而且這麼多蝦,敬縣一時半會是銷不掉的,且多了的話必會壓價。而且如今的人雖然蝦比肉價便宜,可百姓們還是更願意買上半斤肉而不願買一斤蝦吃的。這蝦還算是大戶人家飯桌供應之物。
傅紫萱一邊往大小玉莊看佃戶們和自家下人們撈蝦,一邊琢磨如何才能把蝦賣出更高的價格。
若是不能把蝦賣出更高的價格,看來還是養魚養泥鰍養田螺划算。
那魚尋常人家不管自己吃還是待客還是送禮,都喜歡桌上有魚,意頭好嘛。就是那頭一回上門來拜訪的女婿,岳家也是會在飯桌上擺兩條魚的,頭和尾放在一起,希望自家女兒和女婿日子和美,年年有餘,又寓意有頭有尾,順當和樂地過完一輩子。所以這魚還是廣受歡迎的。
先撈了小玉莊的,稱了後,果然一畝在一百五十斤左右。
傅紫萱命人6續以一斤十五文的價格送往鎮上和敬縣集裡賣。一邊又以少兩成的價格送一部分往有間食肆和醉仙樓,又挑了一些最大的和最小的倒在玉園的蝦塘里。
連撈了七天,才把一千多畝水田撈乾淨。
傅紫萱按當初說好的,一畝給一成分了給佃田的農戶。按二兩算,每一畝也能有個二百文,若是佃了十畝的,也能有二兩銀子。佃戶們都很高興,傅紫萱又以每斤五折的價格許他們每家買上一些打牙祭。佃戶更是高興,孩子們也歡騰不已。佃戶們還追問夏種還養不養了?
這一千多畝田,總共收了十幾萬斤的蝦,如今一天才賣五百斤左右。如今兩個重要的節,八月節和年節都還沒到,端午又過了,也賣不上多少。
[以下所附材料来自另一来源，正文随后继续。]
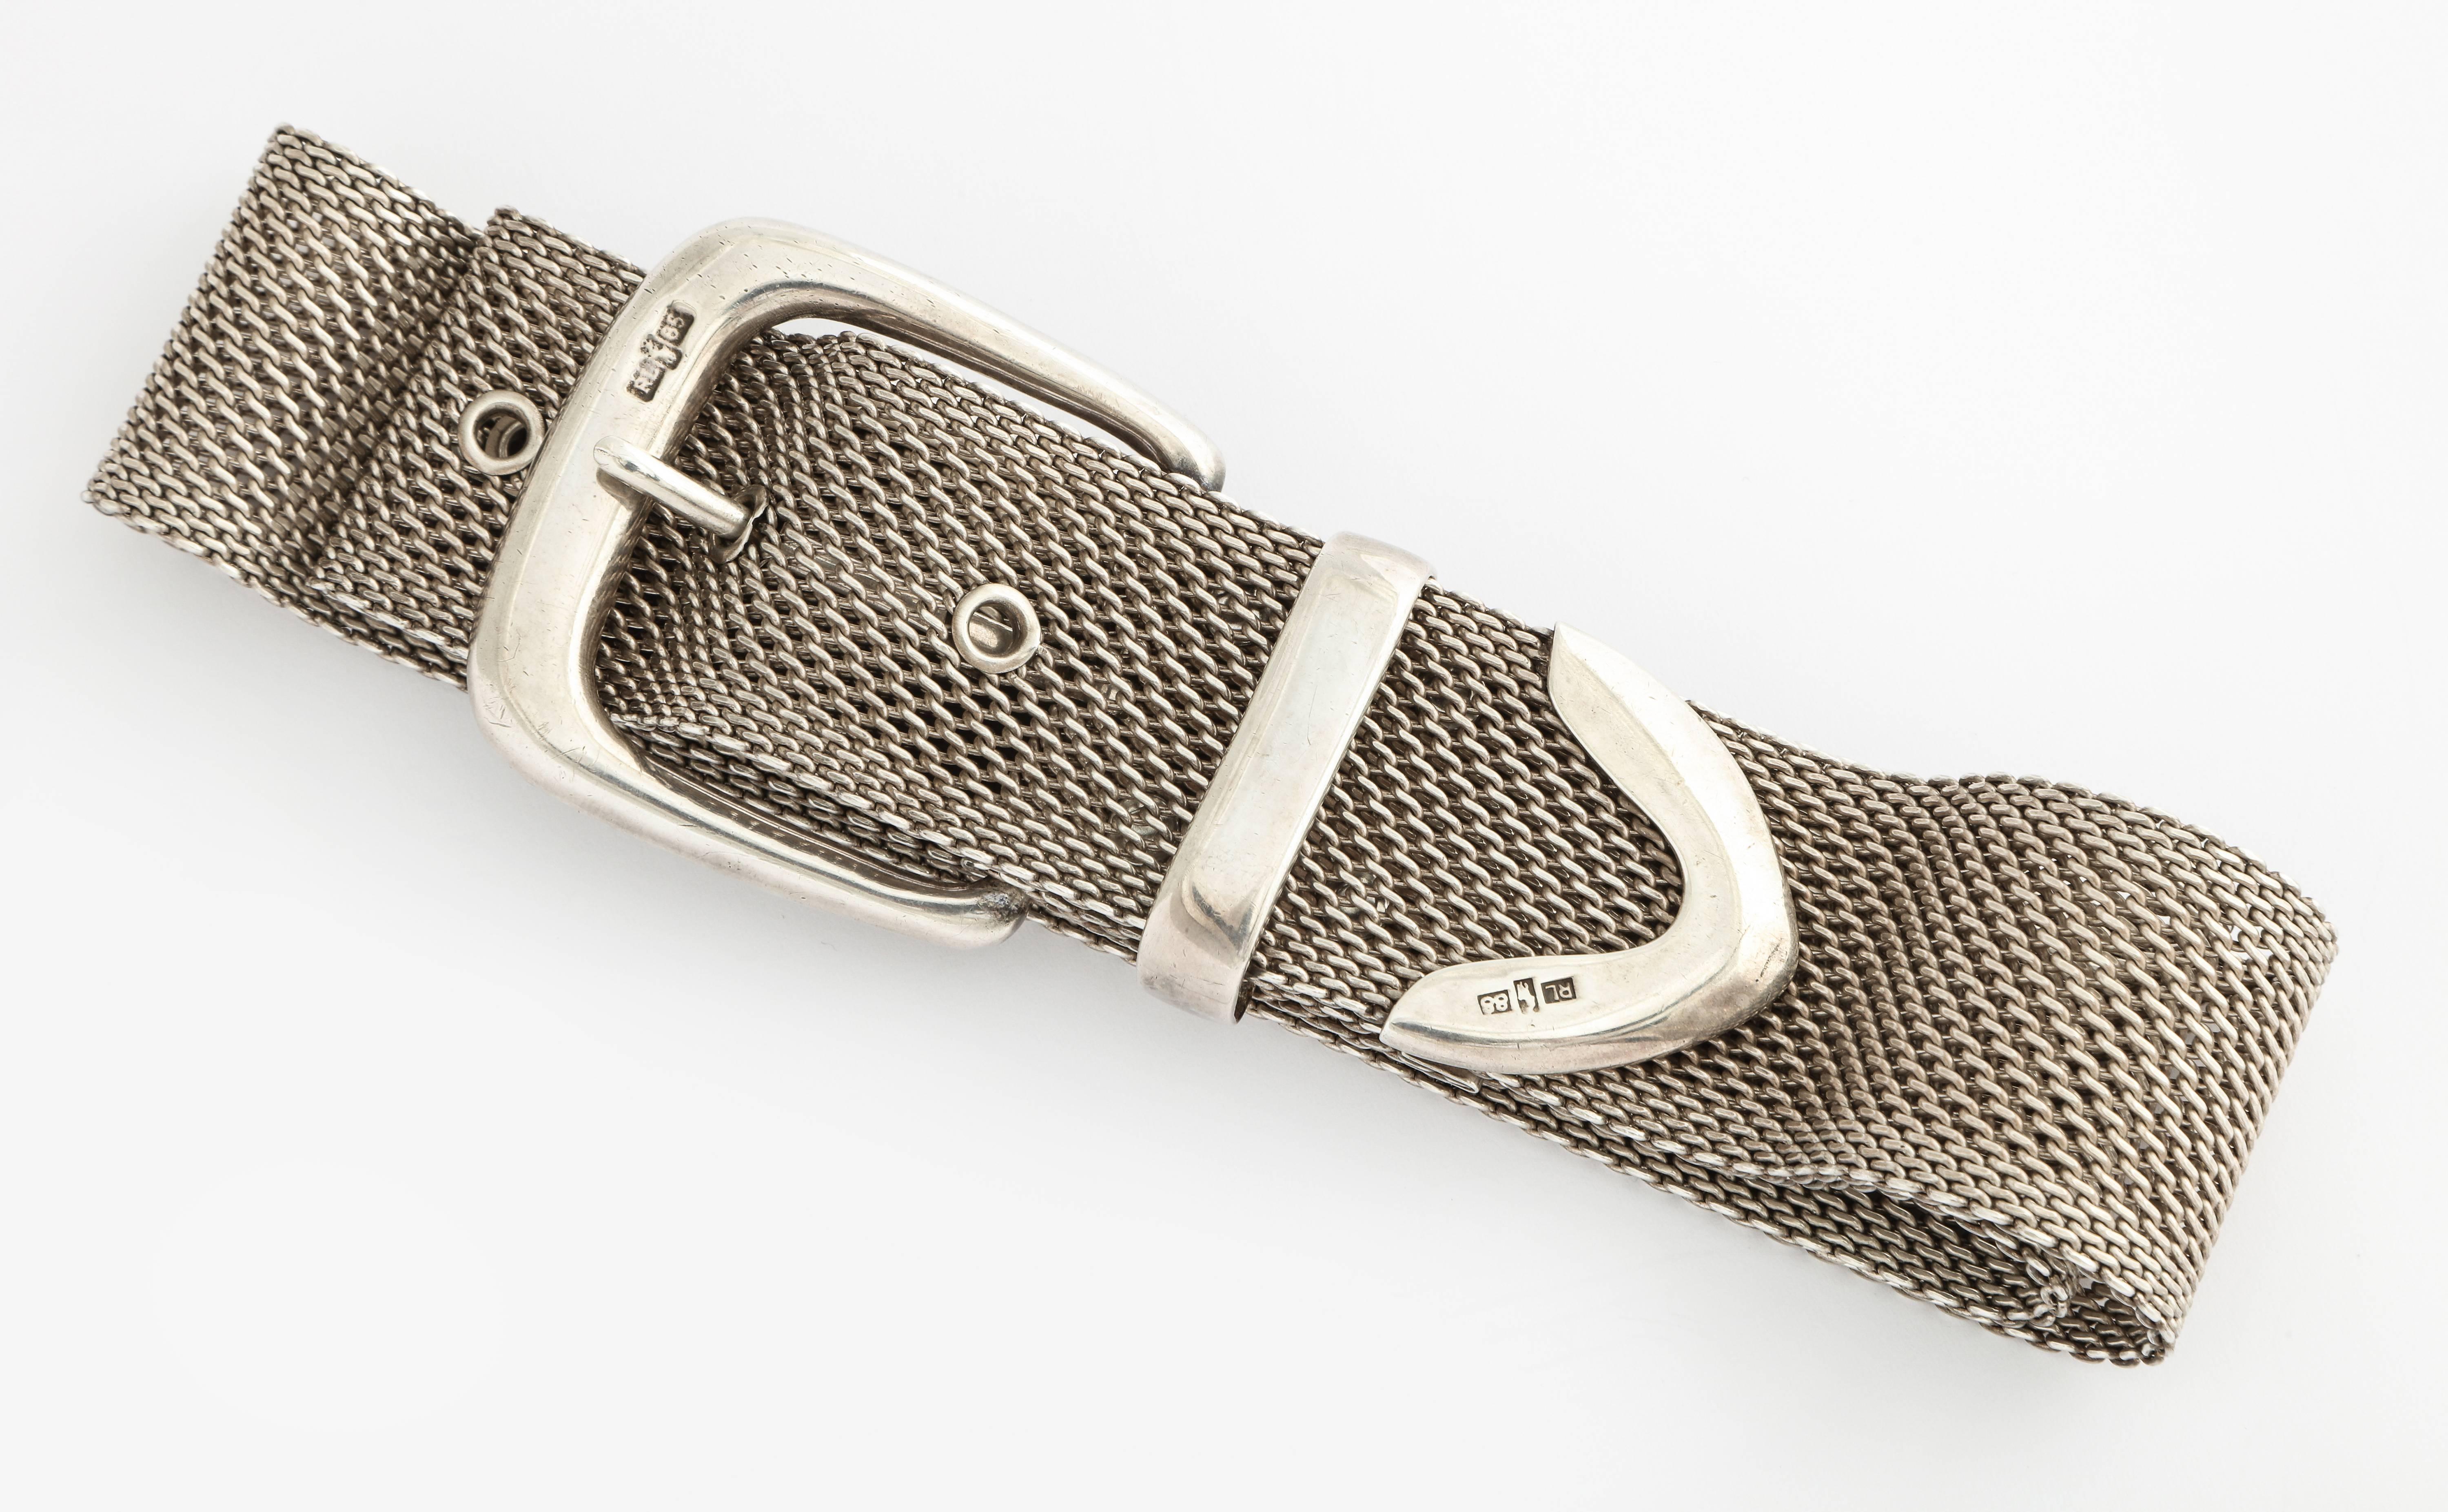 This chic and modern looking 1980s Ralph Lauren sterling silver mesh belt will work for jeans, tunic top, or dress. Total length of 33 inches, and fits a 28 inch waist; mesh width 1 1/4 inches. Signed on buckle and tip; sterling silver marks.

傅紫萱看著擠得連連向水面蹦著透氣的蝦,心裡轉了無數個念頭。
撈了蝦,剛進入六月,天香米就開始收割了。比其他品種的稻要早了大半個月。
同樣是先收大小班莊的。
除了撈了蝦,傅家莊的泥鰍和田螺是不急著撈的,那要等收割了水放幹才撈。魚也不急,先趕至魚溜里,再處理好了這些蝦,傅紫萱才能騰出手來。
今年傅紫萱是沒心思跟著去看收割的事了,她正為塘里的蝦愁著呢。不過也仔細地交待了糧店等人,讓他們各處妥當看著,當初領了秧苗的,又要上交多少斤的,都要好好盯著。
她自己每天領著家裡的丫頭婆子及玉園裡的人忙著曬蝦干,剝蝦仁。
蝦仁全都是原味的。並不進行各種加工,都只是去頭去尾去殼。鮮蝦仁這時代是沒法保存了,只能製成干蝦仁。
為了讓人有鮮蝦的效果,又專門制了一種蝦干。不剝殼,就直接曬乾,收在罈子里密封好,下湯或是妙菜或是要做個有蝦的菜餚,也能有個全須全尾的樣子。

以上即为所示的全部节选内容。